NMT Medical

NMT Medical is a pioneer in the field of non-surgical repair of structural heart defects in children and adults. Over 32,000 septal defects have been closed using our proprietary technology.

Clinical Trials and Regisisties

CLOSURE I Clinical Trial was a prospective, multi-center, randomized, controlled trial to evaluate the safety and efficacy of STARFlex® Septal Closure System versus Best Medical Therapy in patients with a stroke and/or transient ischemic attack (TIA) due to presumed paradoxical embolism through a patent foramen ovale (PFO).  The primary objective of this study is to determine whether the STARFlex® Septal Closure System will safely and effectively prevent a recurrent embolic stroke/TIA and mortality in patients with a PFO and to demonstrate superiority of the STARFlex® device compare to best medical therapy.

BioSTAR® evaluation Study (BEST) was a prospective, multicenter, phase I clinical trial to evaluate the feasibility, efficacy, and safety of the BioSTAR® for the closure of atrial-level shunts in 58 patients aged 28 to 68 years who had a clinically significant ASD or PFO. Percutaneous shunt closure was undertaken with the BioSTAR® septal repair implant. Successful device implantation was achieved in 57 (98%) of 58 patients. Closure at 30 days and 6 months, assessed by contrast transthoracic echocardiography, was 48 (92%) of 52 and 54 (96%) of 56, respectively.

The BRAVO Registry is a multi-center registry providing long-term outcome data in patients who received a BioSTAR® septal repair implant to close a PFO. The Registry is conducted at selected institutions across Austria, Belgium, Germany, Italy, Ireland, Switzerland, United Kingdom and Canada. This observational registry is focusing on gathering safety and long term device performance data on approximately 200 patients following BioSTAR® implant.
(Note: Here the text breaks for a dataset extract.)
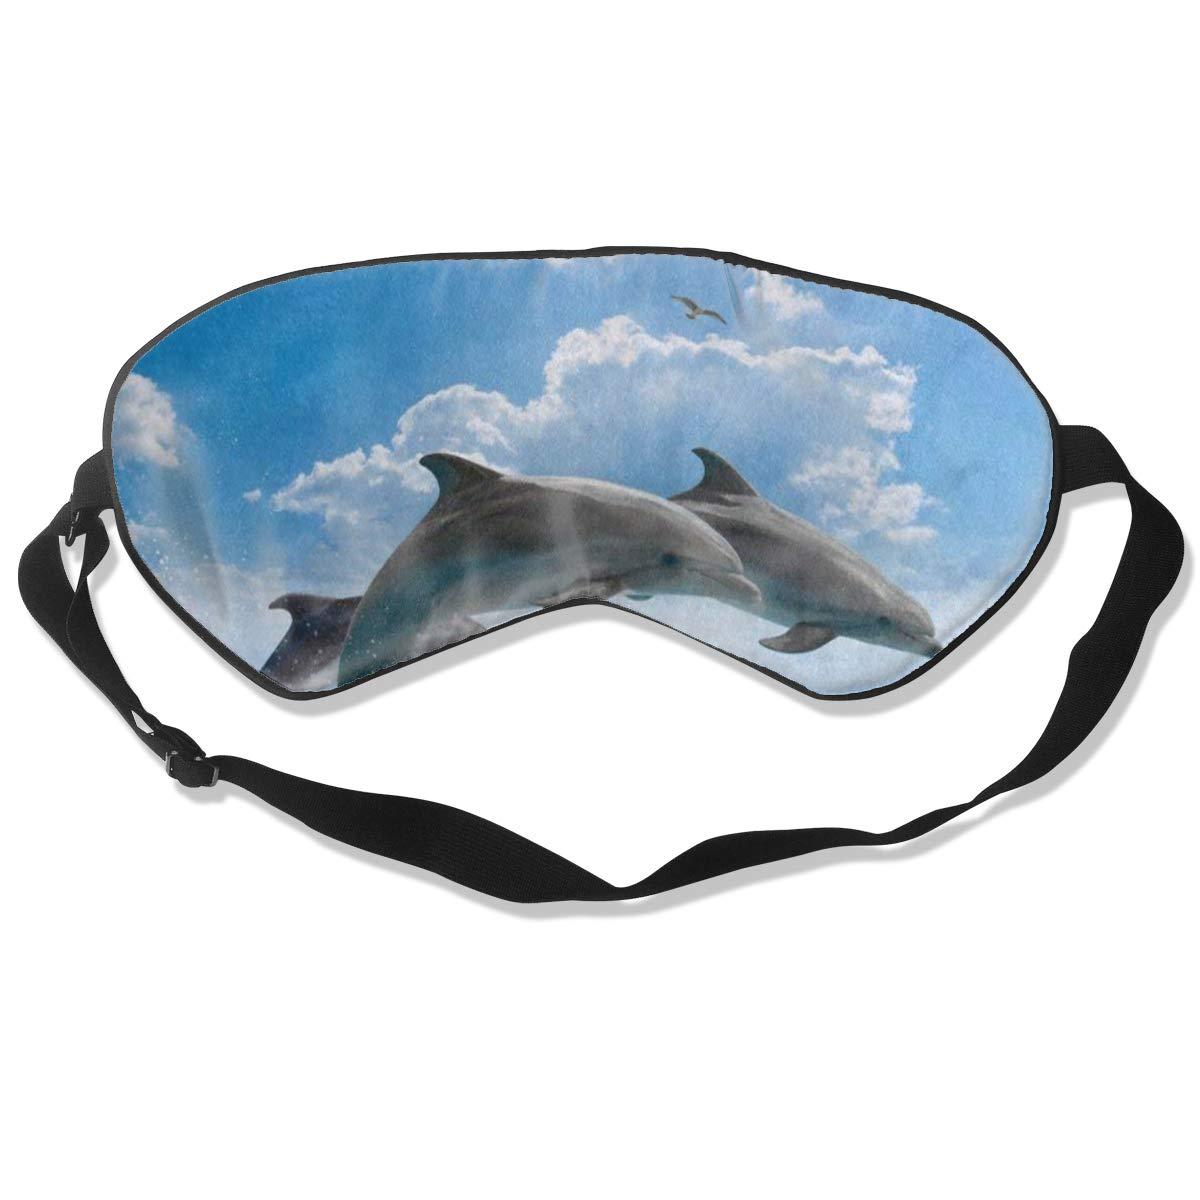 Custom Sleeping Mask Blue Sky Dolphin Ocean Sea Adjustable Breathable Sleep Mask/Sleeping Eyes Mask/Sleep Eyes Mask/Eyeshade/Blindfold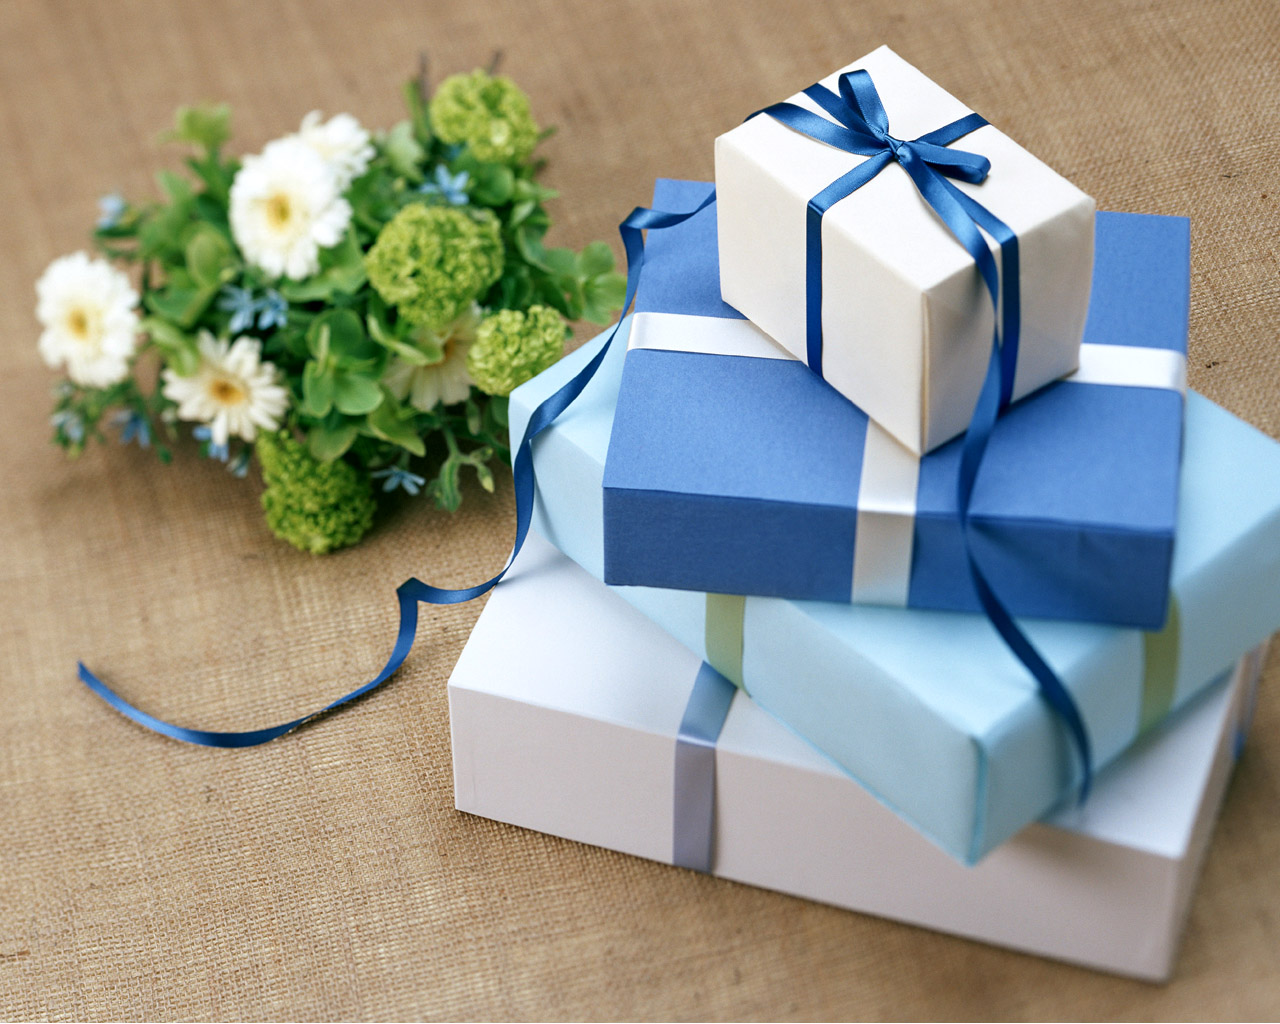 Gift-Cube-HD-Wallpaper.jpg

Enrollment in the registry has been closed and the collection and verification of the performance data remains ongoing.

BASIC BioSTAR® ASD Registry Children the primary objective of the registry is to collect clinical outcome data during routine clinical management of pediatric patients who have had Atrial Septal Defect (ASD) closure with the BioSTAR® septal repair implant. This registry will evaluate efficacy and safety of ASD closure with BioSTAR®. The BASIC Registry is being conducted at a selected group of pediatric centers across Germany and Switzerland. Patients less then 18 years of age, diagnosed with having a centrally located secundum ASD no greater than 16 mm in diameter and considered to be suitable for closure with BioSTAR® are enrolled in the registry. Currently 70 enrolled patients continue their routine post-implant follow-up in the registry and the collection and verification of the performance data is on-going.